In the past 15 years, Huestis has produced over 25 staged extravaganzas/tributes. Significant funds from these benefit events have been raised for needy AIDS/socially conscious organizations. Celebrities that have participated in, or been honored by, Huestis' galas (both at the Castro & elsewhere) have included Ann-Margret, Ann Blyth, Ann Miller, Armistead Maupin, Barbara Parkins, Bruce Vilanch, Carol Lynley, Christina Crawford, Connie Champagne, Debbie Reynolds, Edie Adams, Erik Lee Preminger, Hector Elizondo, Mimi Kennedy Jack Lemmon, Jackie Beat, Jan Wahl, Jane Russell, Janeane Garofalo, Jeffrey Sebelia, Joan Baez, JoBeth Williams, John Cameron Mitchell, John Schlesinger, John Waters, Justin Bond, Karen Black, Lady Bunny, Lana Wood, Linda Blair, Lypsinka, Margaret O'Brien, Mary Badham, Michael Musto, Michelle Shocked, Mike Farrell, Mitzi Gaynor, Natalie Wood, Olivia Hussey, Leonard Whiting, Patty Duke, Patty McCormack, Piper Laurie, Reno, Rex Reed, Sandra Dee, Santino Rice, Sissy Spacek, Stella Stevens, Sylvia Miles, Thelma Houston, Tony Curtis, Troy Donahue, Varla Jean Merman, and Rutanya Alda.

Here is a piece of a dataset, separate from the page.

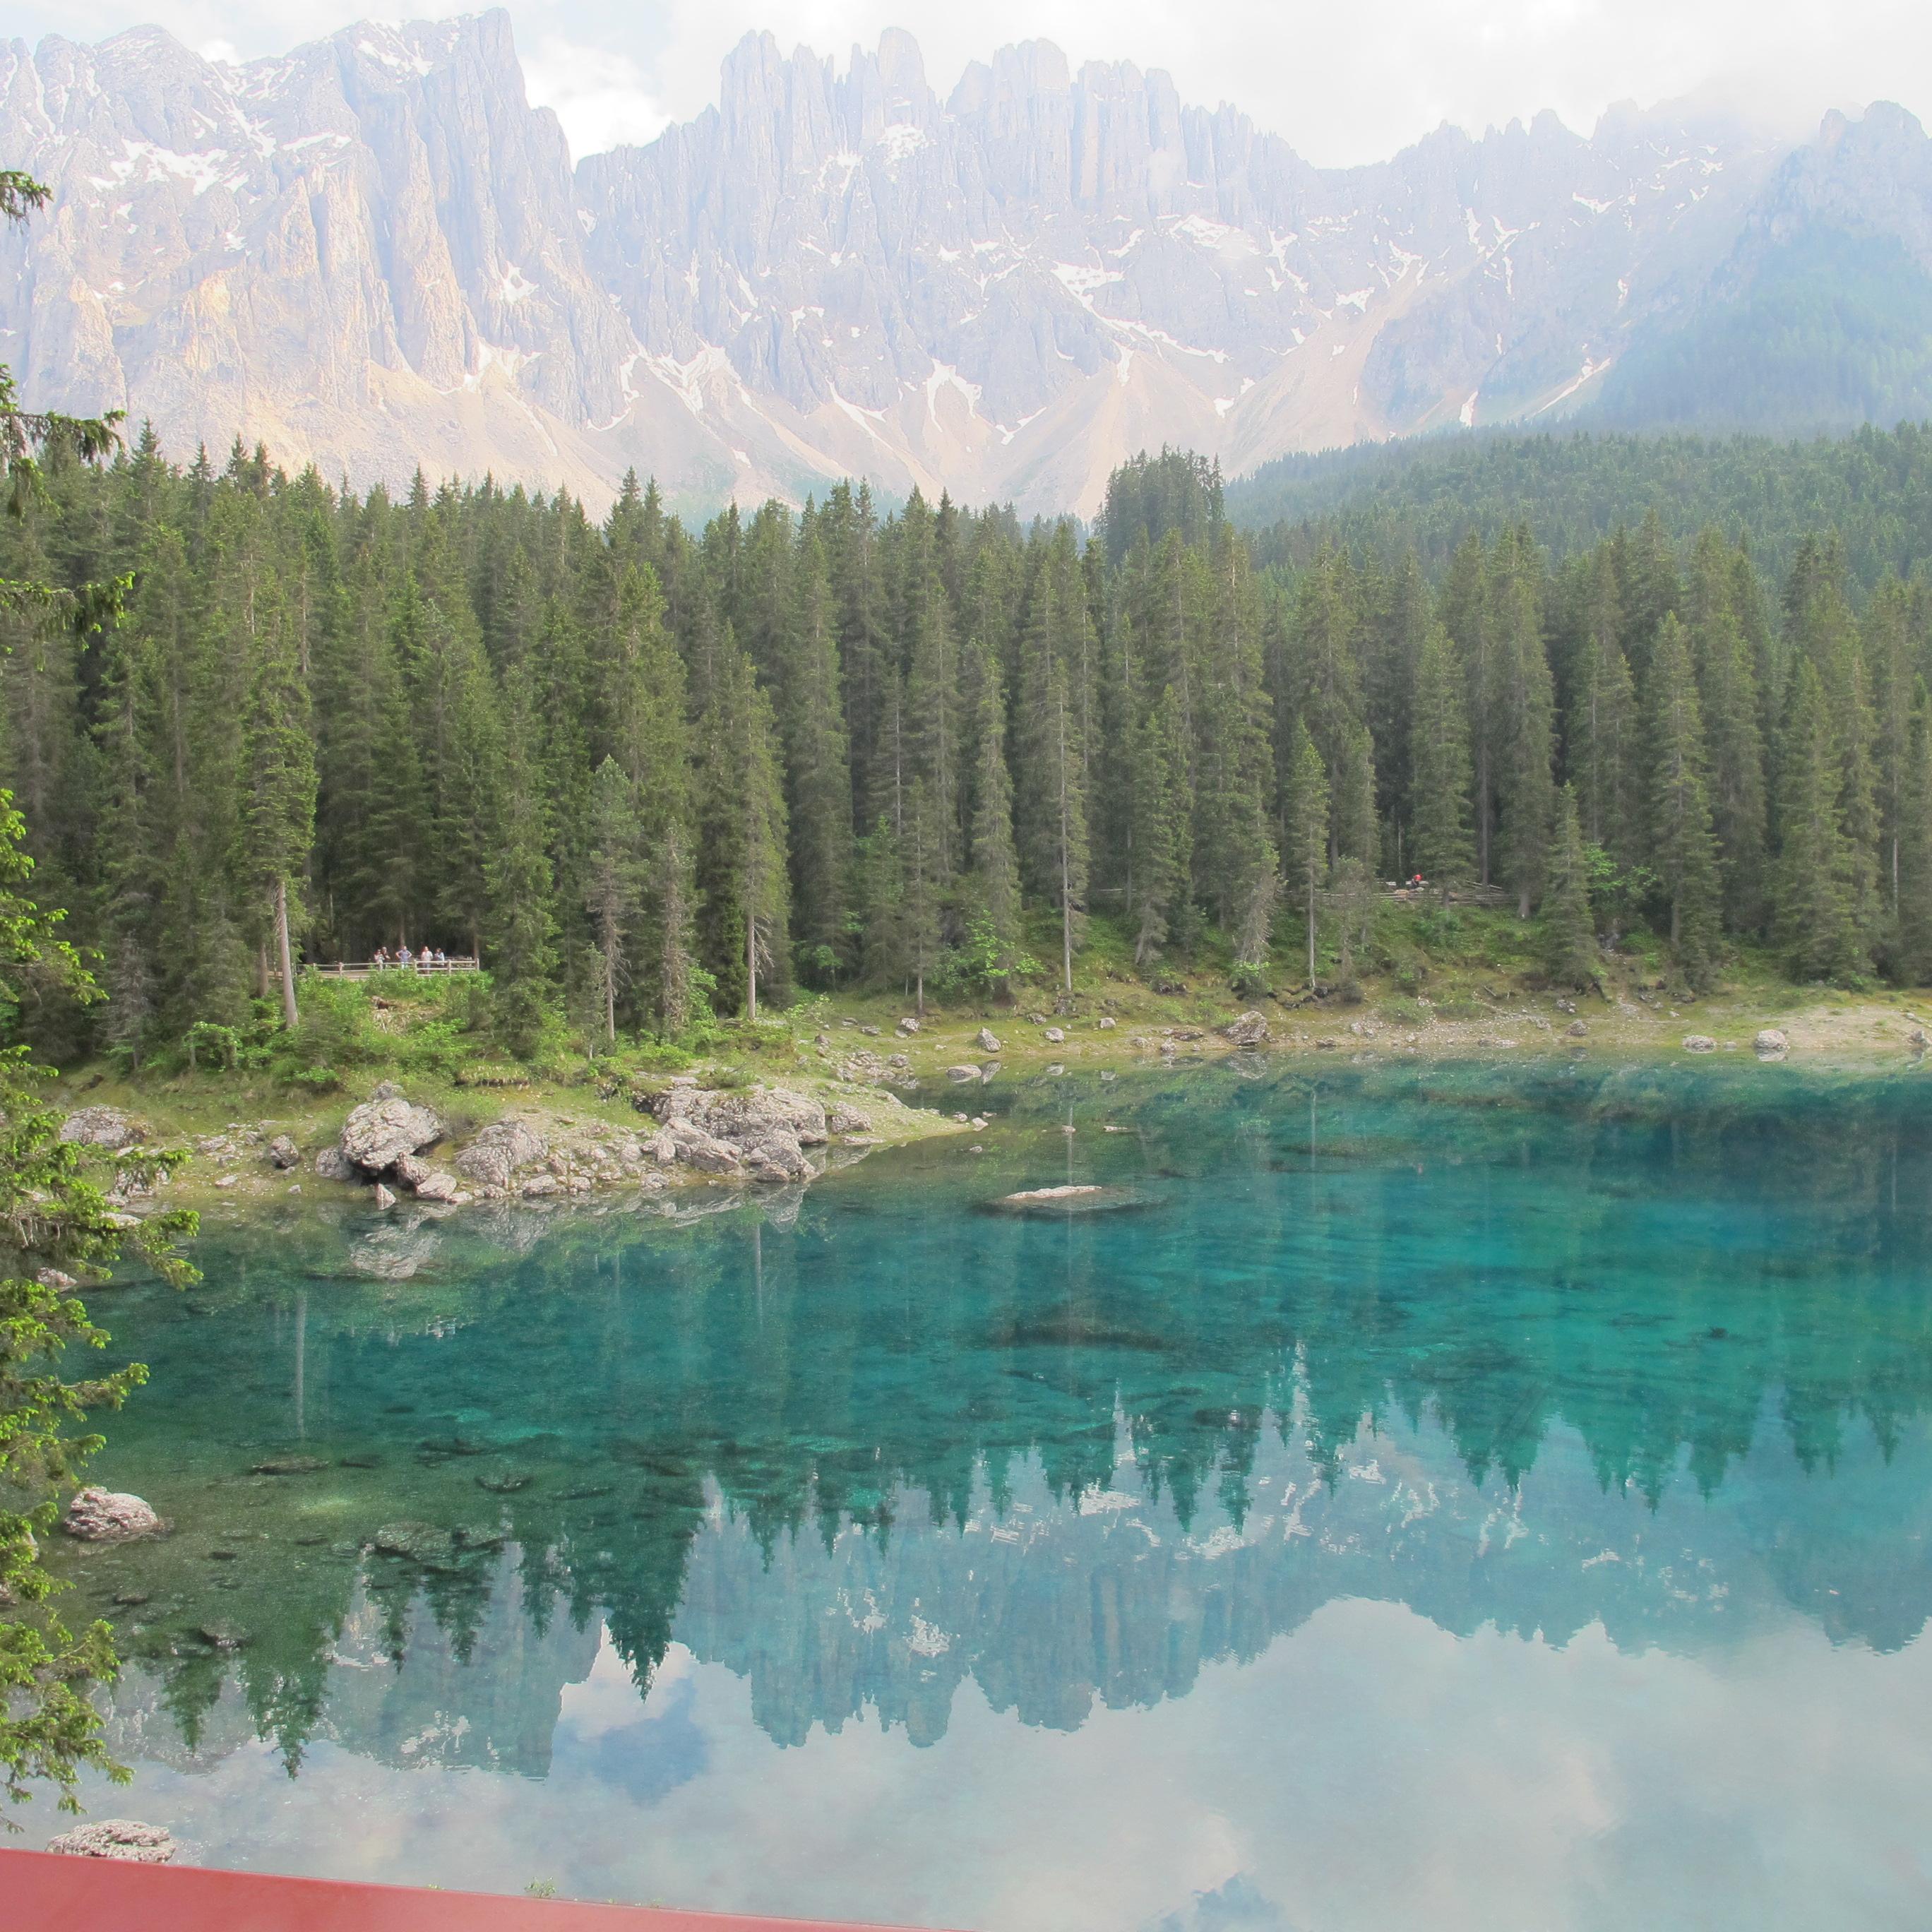 motorradurlaub-juni-2015-karrersee-013.jpg

In a feature piece in the San Francisco Chronicle written by David Wiegand, tribute Carol Lynley compared the showman favorably to such impresarios as Otto Preminger, Irwin Allen and Mike Todd, and summed up her feelings about Huestis - " He's larger than life; he's larger than imagination."
In 2008, Huestis was honored by the San Francisco Board of Supervisors for his life achievement and work in benefiting many San Francisco non-profits.